Again, using repackaged commodity RATs is notably cheaper than writing custom malware. The key to to remaining stealthy in this case is the usage of crypters and packers. In the end though, by not burning resources on a custom toolchain, the attacker can apply his resources otherwise – potentially even on increasing his target count.

Hunting down a RAT pack

Looking at the above facts, one question emerges: how prevalent are pre-built RATs within the analysis set at all? To establish a count for commodity RATs count we again relied on detection names of Microsoft Defender. The anti-virus solution from Microsoft has shown in the past to be rather slow in picking up new detections, while providing quite accurate results once detections are deployed to the engines. Accuracy at this point includes certain reliability when it comes to naming malware.

For evaluation, we chose to search for the following list of commodity malware:

  • DarkComet (Fynloski)
  • BlackShades (njRat, Bladabindi)
  • Adwind
  • PlugX
  • PoisonIvy (Poison)
  • XTremeRAT (Xtrat)
  • Handpicked RAT binaries

The selected set is what we noted seeing when going through the malware corpus manually, please note though, the list of existing commodity RATs is by far longer.
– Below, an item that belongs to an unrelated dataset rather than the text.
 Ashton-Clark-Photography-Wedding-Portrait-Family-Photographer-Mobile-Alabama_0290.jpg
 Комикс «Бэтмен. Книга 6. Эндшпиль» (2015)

The so to say “lazy king of APTing” is PlugX. The commodity RAT popped up in all together 15 different events listed in the MISP database.

4_2_plugx

The winner in sample numbers was Adwind, a Java based RAT, dedicated to infect different platforms. Adwind itself is malware, that has been sold under different names, including Frutas RAT and Unrecom RAT. Security firm Fidelis published nice insights on Adwind, under the much appreciated title “RAT in a jar”.
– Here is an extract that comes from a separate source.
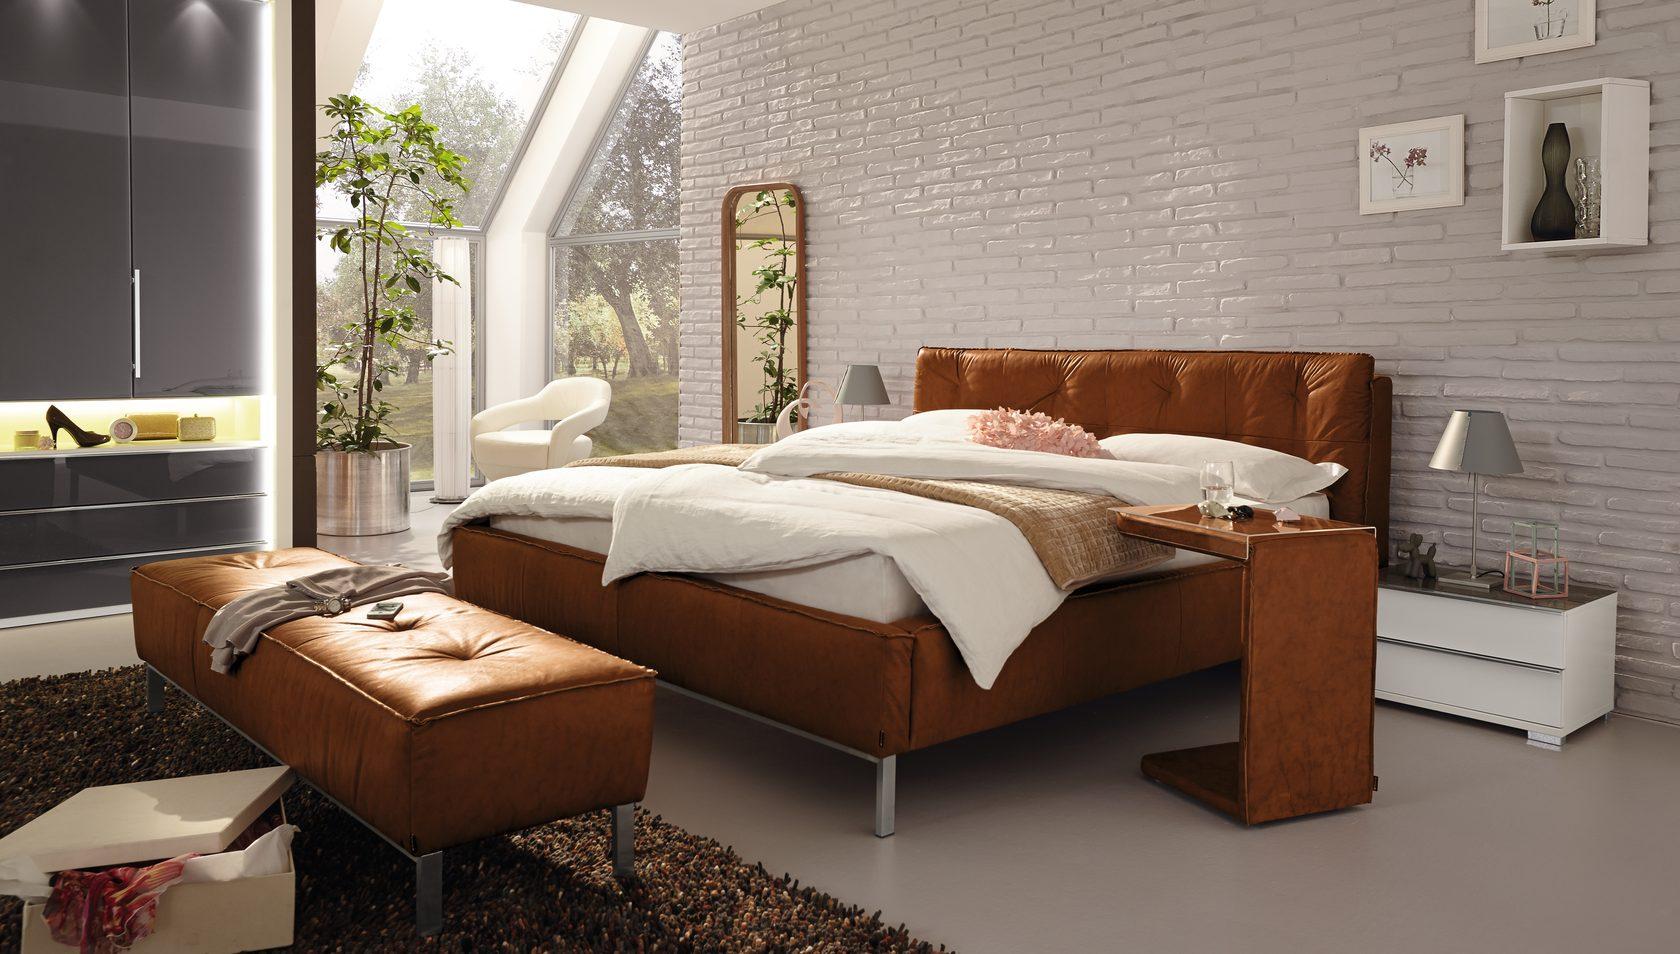 Musterring schlafzimmer sari inspiration for Sari furniture designer

The following graphic shows the total number of RATs and related events, found within our data set of 326 events containing 8.927 malware binaries.

4_3_ratpack

In total, we counted that almost a quarter of inspected events made use of one or another RAT. Looking at the sample set, 1/9th of the total set is composed of pre-built RATs. These numbers are rather high, considering that, at least in the heads of analysts, targeted malware is complex and sophisticated.
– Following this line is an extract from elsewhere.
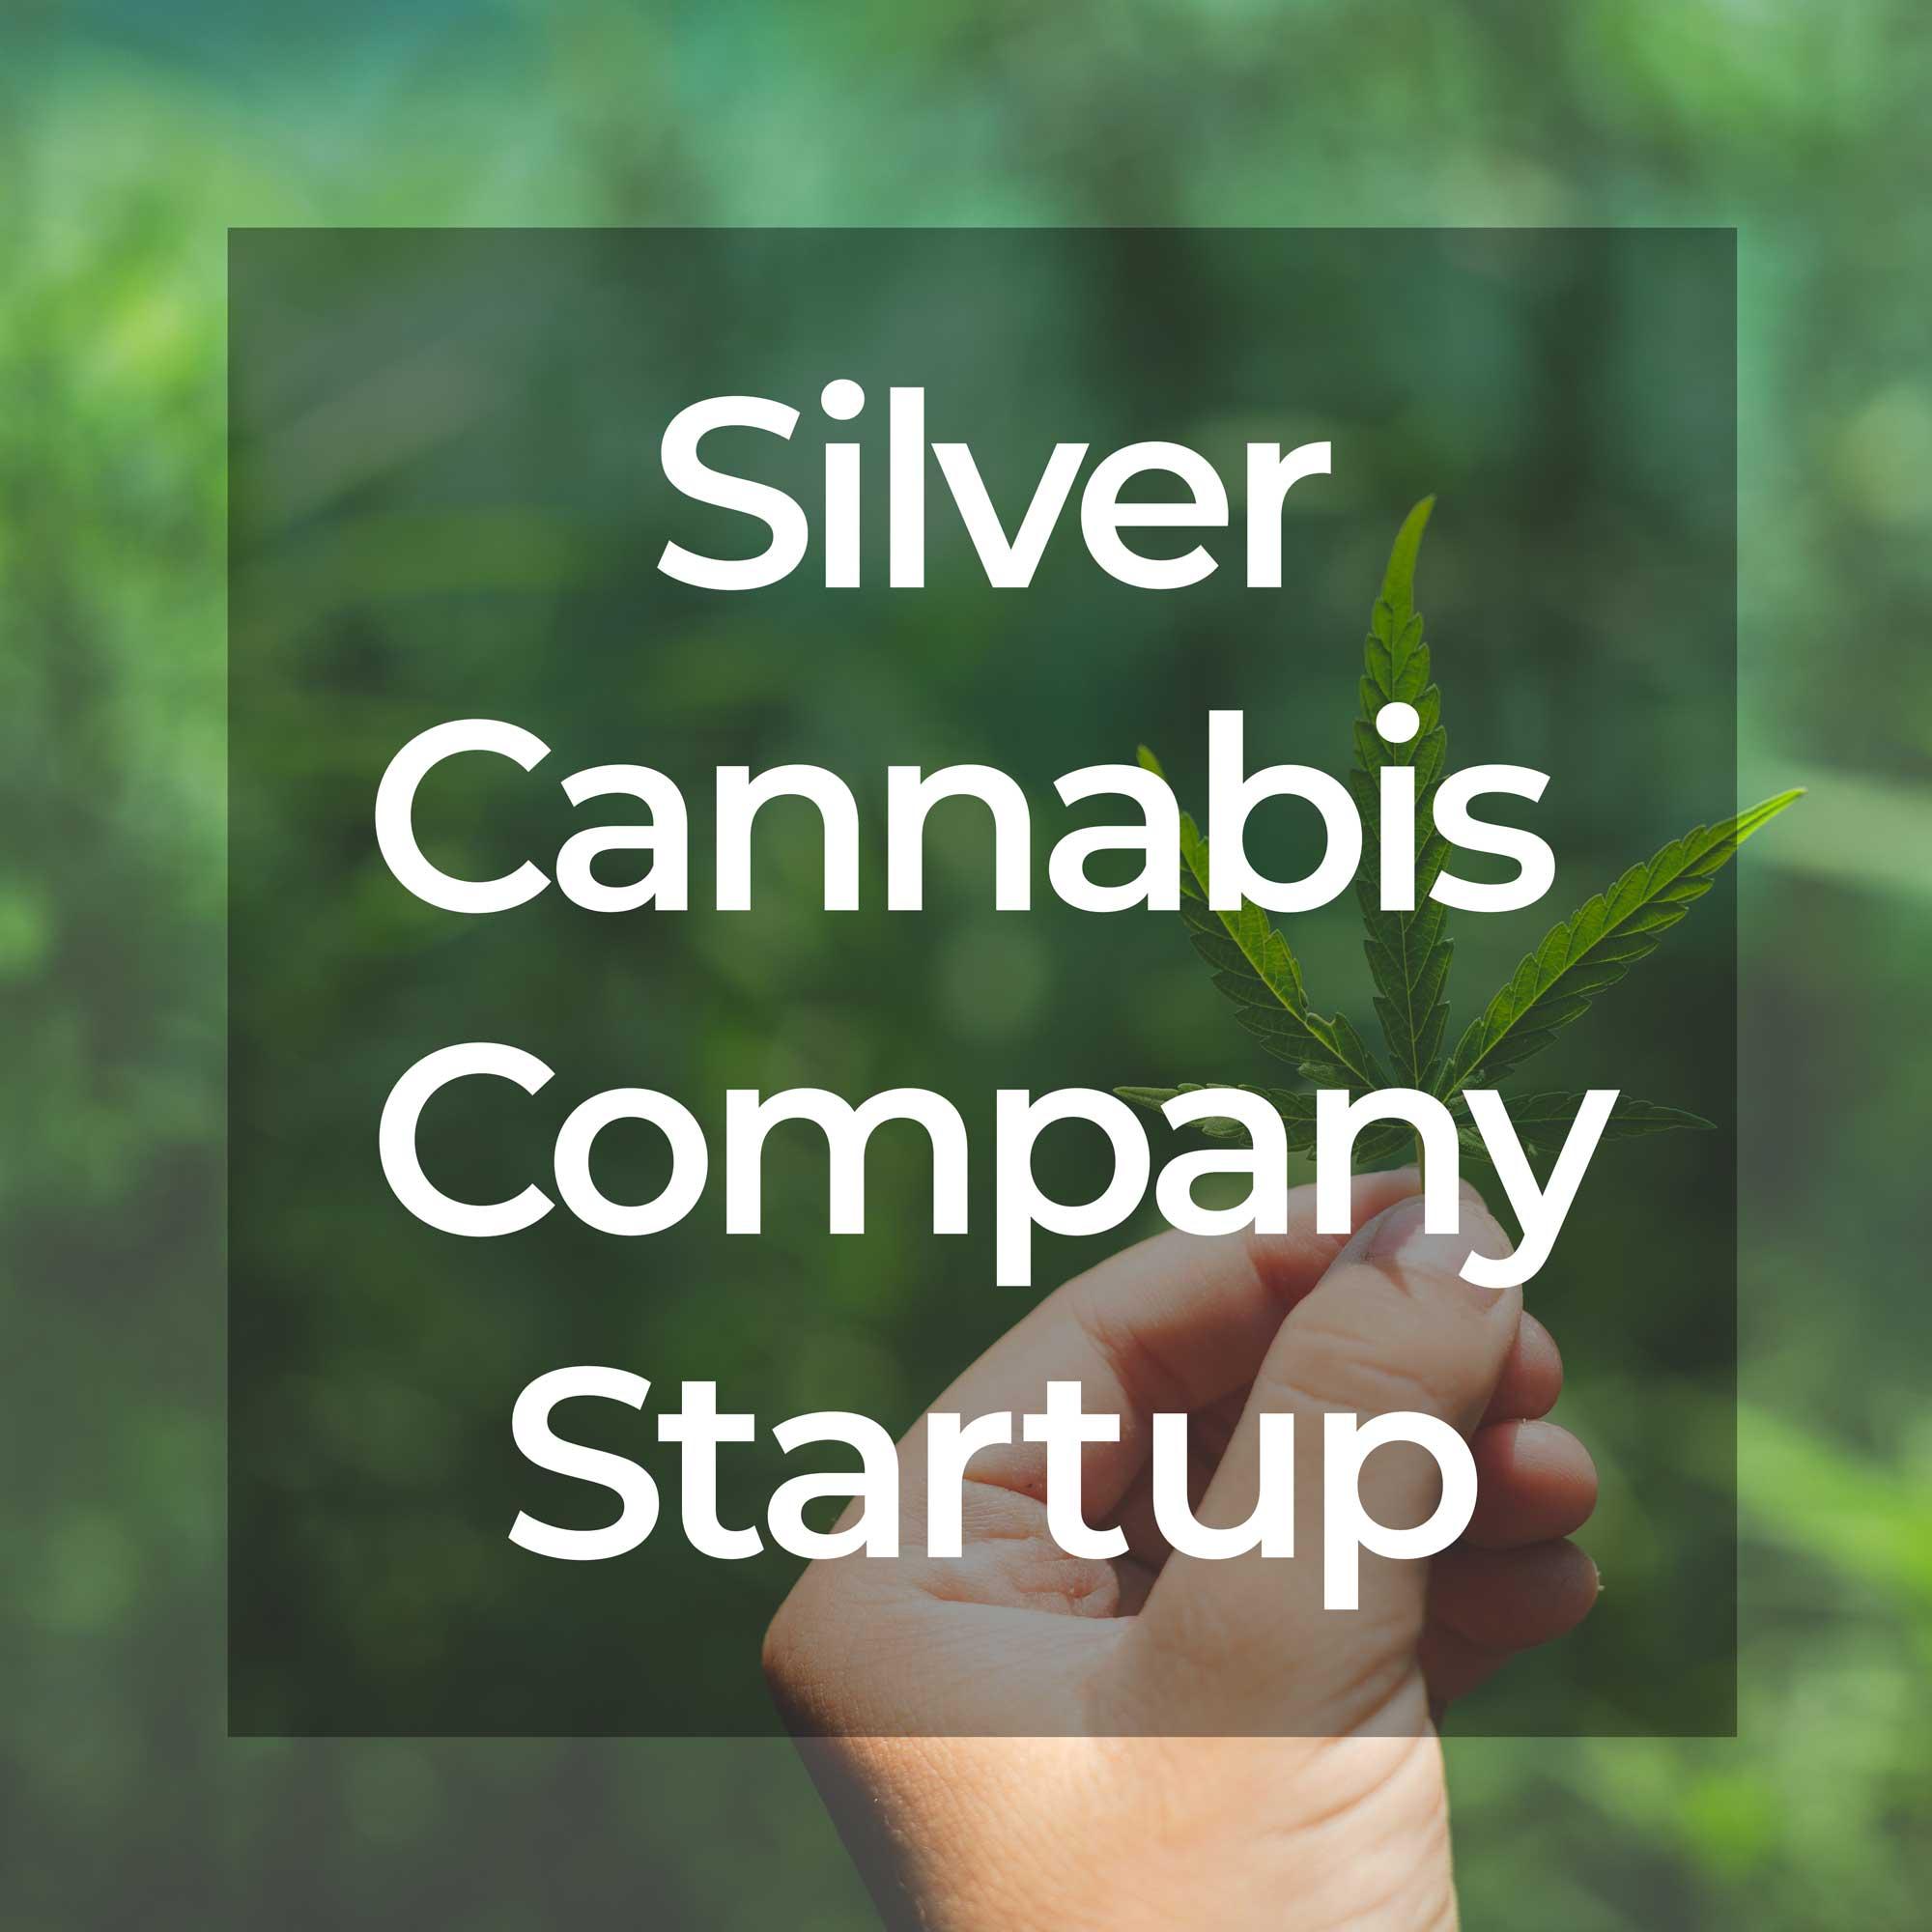 Silver Cannabis Company Startup

Still, though, why do we even bother with high numbers of commodity malware? For one, as mentioned before, they help driving down attack cost. Furthermore, they provide functionality that is quite advanced from the beginning, equipping even unskilled attackers with a Swiss Army Knife of malware they couldn’t implement themselves, even if they tried really hard. These do-it-yourself APT tools enable wannabe spies with little budgets, growing the number of potential offenders.

Furthermore, off-the-shelf RATs have been seen in use by certain advanced attackers. They could lead to confusion about the actual offender, as they do not allow for attribution on the base of the binaries at all. In other words, one would not know whether he is being targeted by a script kiddie or a nation state actor. Currently, it remains unclear whether commodity RATs have been used in an attribution concealment approach, but the assumption does lie close.